Призрак со свастикой - Александр Тамоников
Шрифт:
Интервал:
Вдруг он почуял неладное и напрягся. Офицер сглотнул — выстроить логическую цепь, очевидно, было несложно, тупых в СС не берут — и, резко повернувшись, прожег взглядом Вереста:
— Ваши документы, Витте!
— Что-то не так, господин штурмбаннфюрер? — сохраняя выдержку, надел на себя маску легкого удивления Павел.
— Документы, я сказал! — Рука майора снова потянулась к кобуре.
— Как вам угодно! — Верест левой рукой начал расстегивать китель, чтобы забраться во внутренний карман.

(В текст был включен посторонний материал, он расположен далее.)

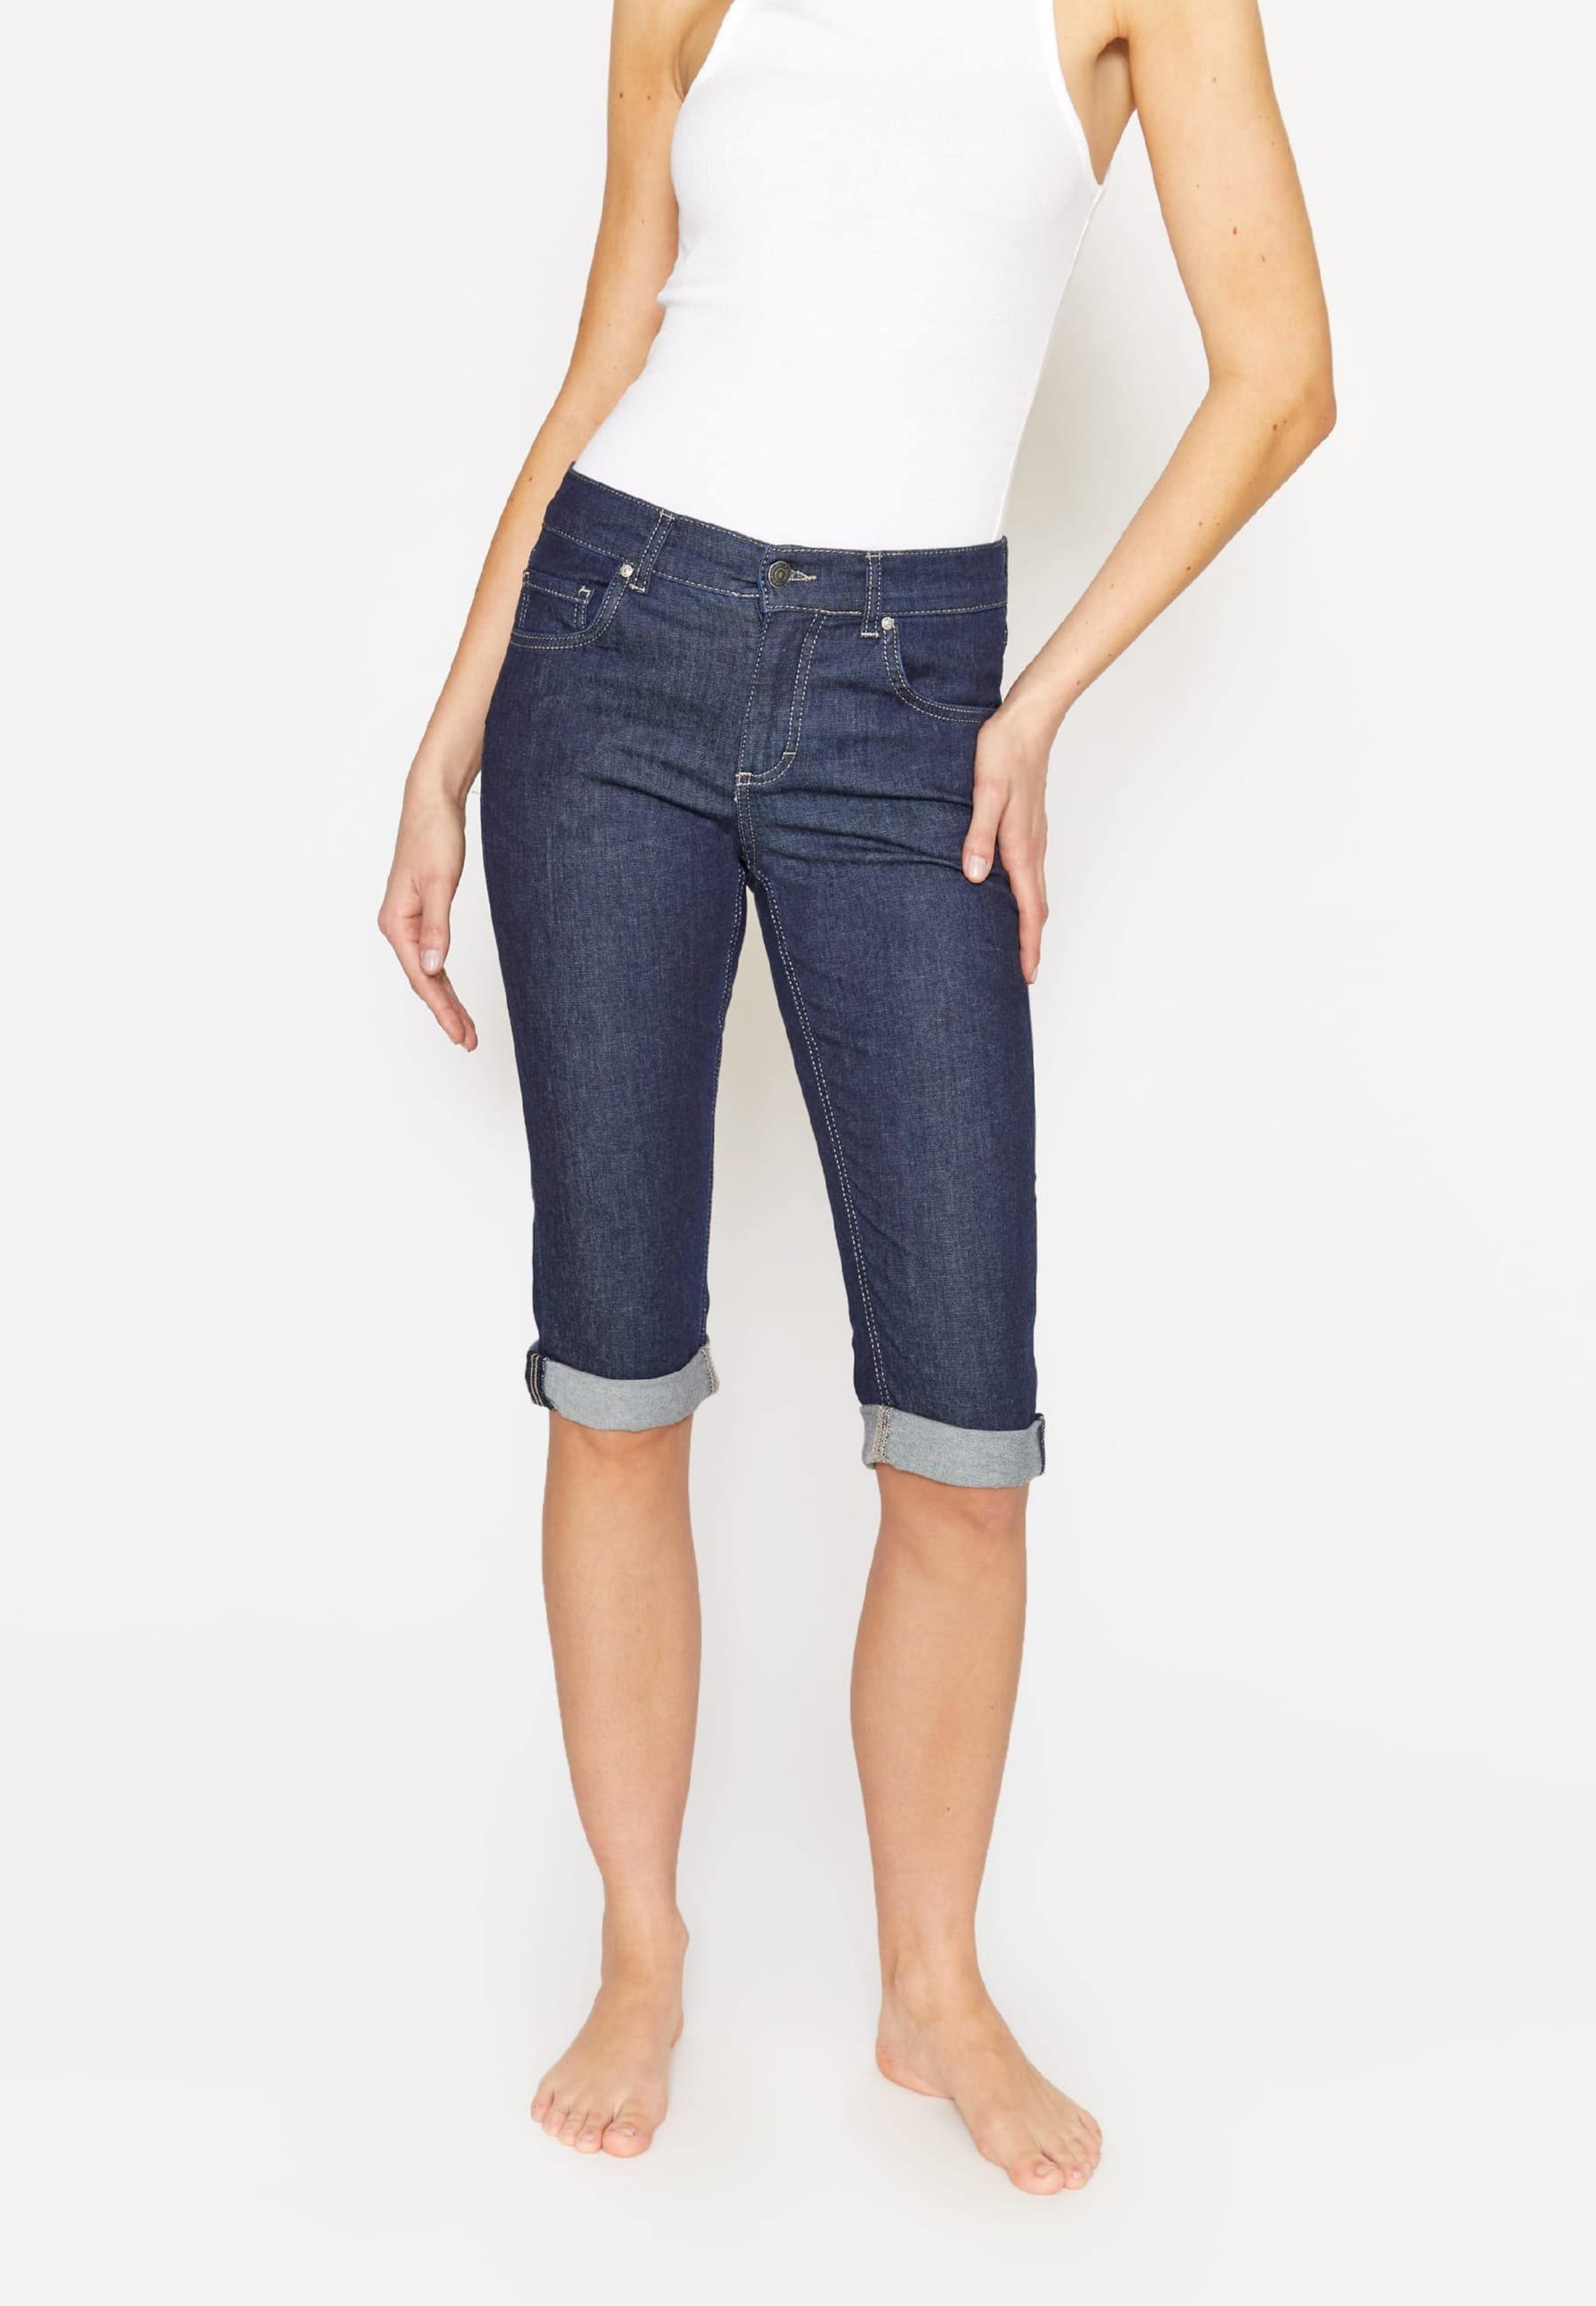 ANGELS 5-Pocket-Jeans Jeans Capri TU Stoffgewicht: oz 7,5 Used-Look Label-Applikationen, mit mit

Отставить внутренний карман! Как фокусник, он мгновенно вытащил из кобуры «парабеллум», вскинул ствол и выстрелил в упор! Пуля пробила глаз господину штурмбаннфюреру, вывернула часть затылочной кости, и он повалился плашмя, как фанерный лист. Солдаты засуетились, стали срывать компактные «МР-40», но Звягин, вывернув «косторез» из люльки, ударил рассыпной трескучей очередью, опередив их! Свинец разлетался плотно, веером. Кто-то открыл ответный огонь. Павел попятился за люльку, выбивая пули из «парабеллума». В двоих он точно попал, прежде чем скорчился за стальным корпусом. Звягин долбил от живота, расставив ноги, что-то задушевно орал, опустошая коробчатый магазин. Патронная лента, как змея, извивалась под ногами.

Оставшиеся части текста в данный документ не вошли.